During the summer of 2016, professor Martin Erik Andersen and students from the Schools of Visual Arts reproduced the shape of Charlottenborg’s Sculptor’s Garden at the Skovsnogen Artspace in Herning. The intention is to create a space inside the park that can act as an independent exhibition space and as a studio for resident artists. 

 

Historical garden and living studio
 
Nestled between the art library and the Schools of Visual Arts’ workshops at Charlottenborg you will find the beautiful Sculptor’s Garden. Like the historic architecture that surrounds it, the garden is a relic from Charlottenborg’s past status as residence to two of the most powerful figures of the Danish Baroque era: Ulrik Frederik Gyldeløve, governor of Norway, who was followed by the dowager queen Charlotte Amalie, after whom the building is named.
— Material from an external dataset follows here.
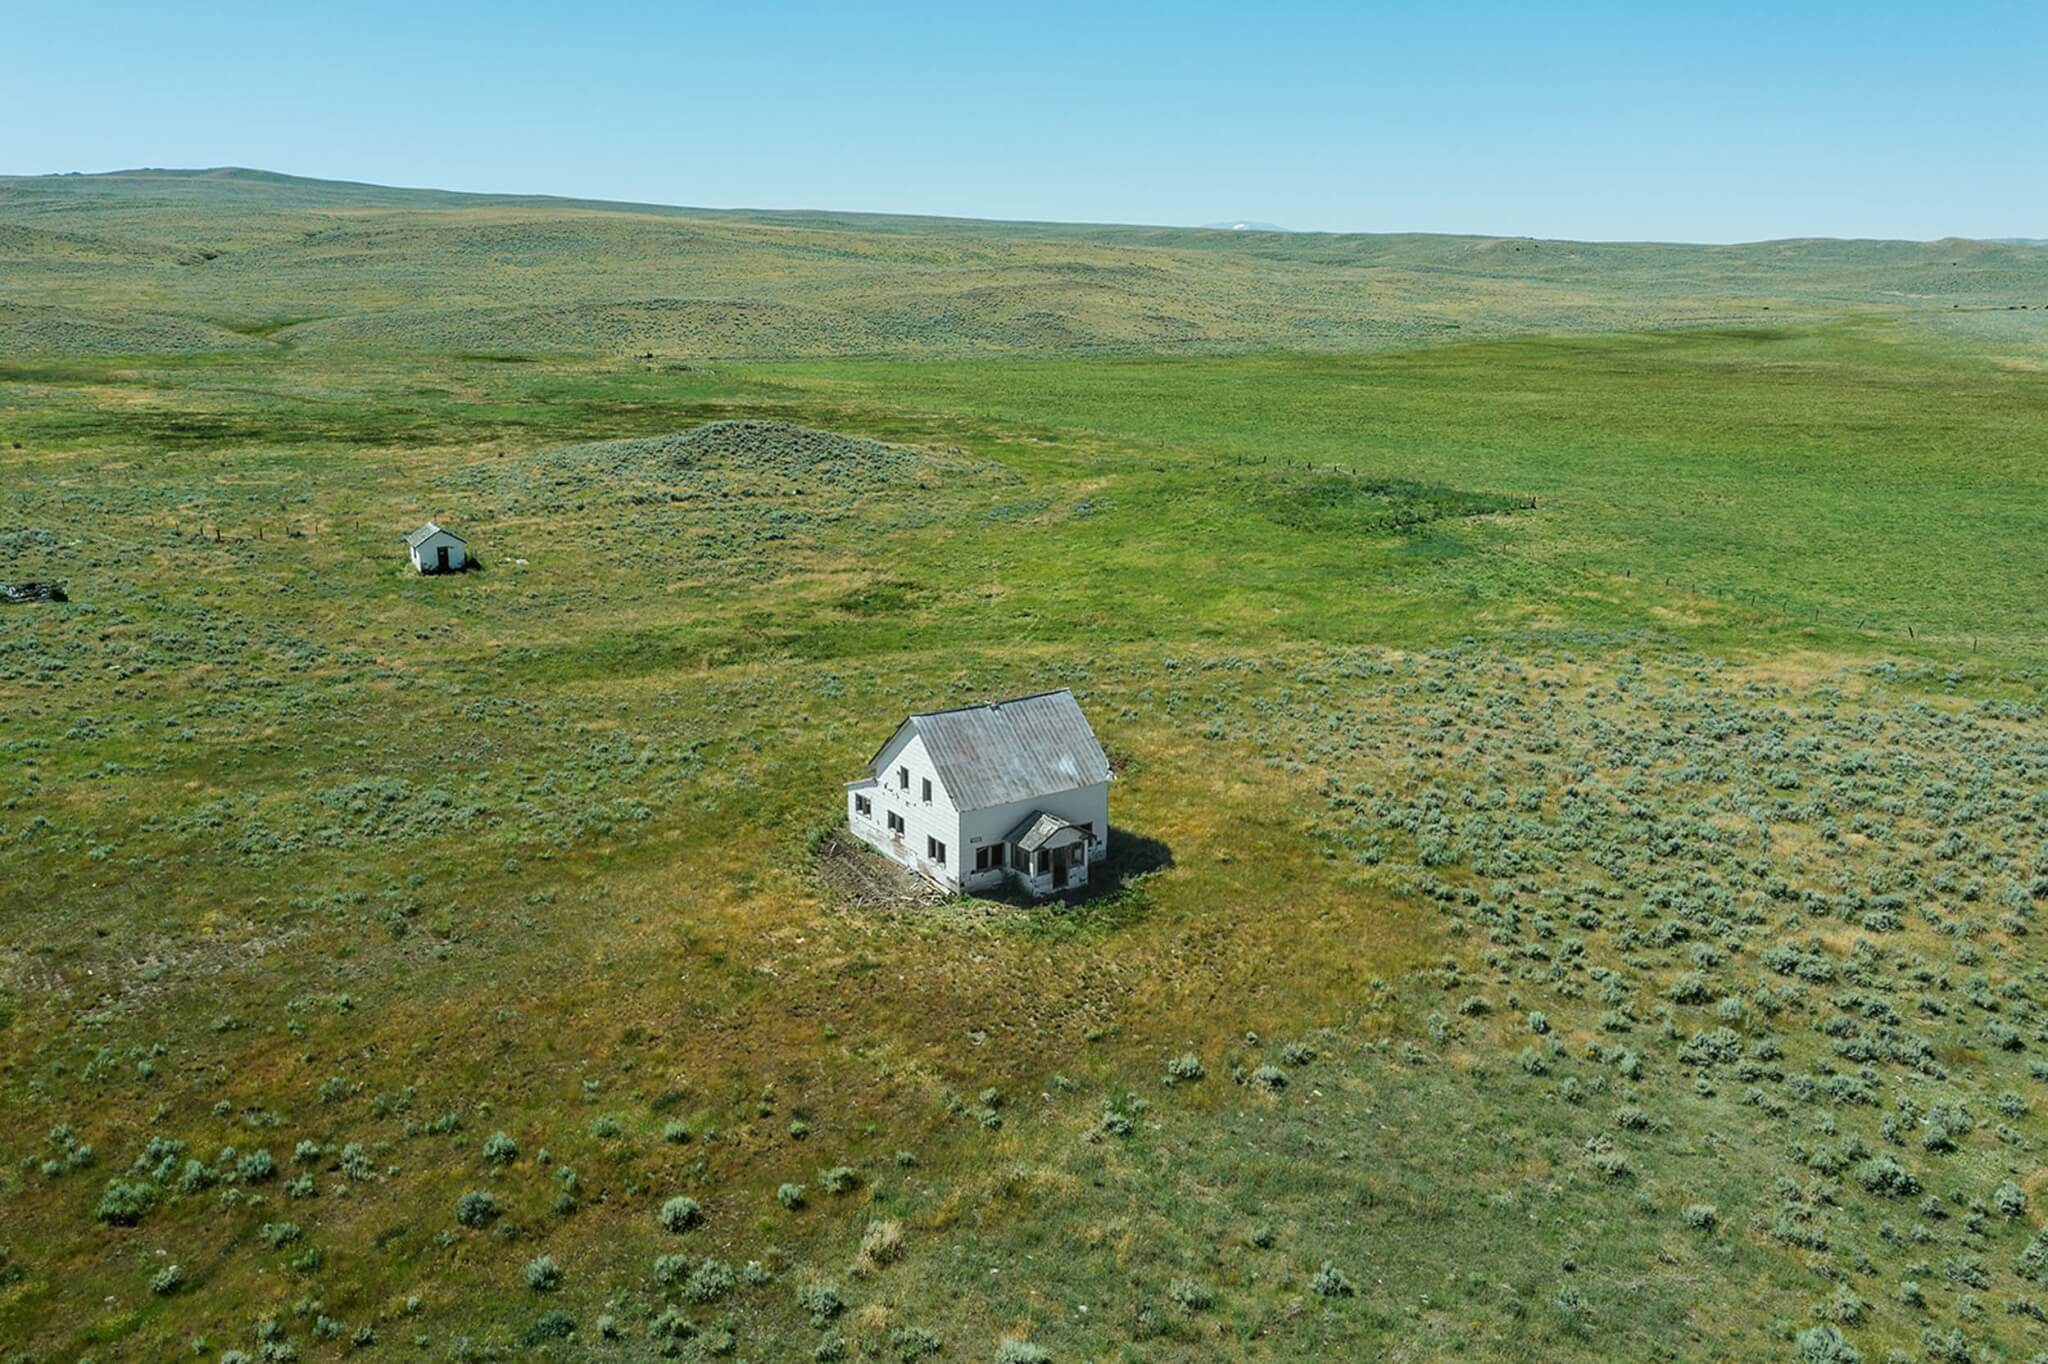 تصویر هوایی از خانه در چمنزار باز

The present-day extent of the garden is modest compared to its former scope as the gardens of the Charlottenborg mansion and, later, as the Botanical Gardens of the University of Copenhagen before they relocated to their current location in 1874.
 
The history of the garden and its current format reflect and embody the transformations that have taken place since the seventeenth century, not only of Charlottenborg, but also of the urban spaces that surround it. Today the Sculptor’s Garden is clearly marked by having functioned for more than 130 years as a living studio for the School of Sculpture; a space where generations of students have produced, studied and discussed art – not least the role played by art in public spaces.
 
According to the current head of the School of Sculpture, professor Martin Erik Andersen, the art of sculpture has traditionally been site-specific and performative by nature, strongly affiliated with public art. He says:
 
“The Sculptor’s Garden has a natural, historic link to the School of Sculpture, where the production of works is often required to take place out of doors. The second aspect has to do with the fact that sculpture has a well-established connection to art in public spaces. After all, the classic, hierarchical perception of art in public spaces immediately conjures up associations of either architecture or a statue in a city square.” 
 
An inverse mirror image of the Sculptor’s Garden
 
The work on reproducing the Sculptor’s Garden was launched this summer by students and professor Andersen from the School of Sculpture, working in close dialogue with the Skovsnogen Artspace. The artists cleared an area among the trees at Skovsnogen, constructing a full-scale outline of the Sculptor’s Garden as a wooden platform. The reproduction is not a finite work in itself; rather, it will serve as an autonomous exhibition venue that can present its own exhibition programme and act as an outdoor studio for resident and visiting artists. In other words, the Sculptor’s Garden will constitute an artist-run exhibition space within an artist-run exhibition space.
 
Concerning the collaboration between Skovsnogen and the School of Sculpture, professor Andersen comments:
 
“Skovsnogen is a radical, artist-run space that takes a concrete approach to positioning contemporary art within a radical version of the public space – a forest. Over the last five to six years, Skovsnogen has established the most interesting and radical outdoor presentation of public art in Denmark. Such artistic autonomy and radicality are also fundamental features of the vibrant culture found at the Royal Danish Academy of Fine Art – which is indeed the alma mater of the two gentlemen involved [Schmidt and Taaning].”
 
Benedikte Bjerre, who is an alumnus from the School of Sculpture and co-founder of the Sculptor’s Garden at Skovsnogen, points to the relationship between the two spaces. Despite being separated by some 400 kilometres across land and water, they have a dialectic interaction:
 
“It is interesting to see how the Sculptor’s Garden at Skovsnogen becomes a kind of inverse mirror image of the Sculptor’s Garden at Charlottenborg. The former is located on private property, but is nevertheless open and accessible to the public. By contrast, the Sculptor’s Garden at Charlottenborg is a state institution, but one that is of necessity closed to the public. Creating an inverse mirror image of the Sculptor’s Garden at Skovsnogen enables us to open up that space while preserving its beauty. It offers an opportunity to invite people in, welcoming them in ways that we can’t at the School of Sculpture.”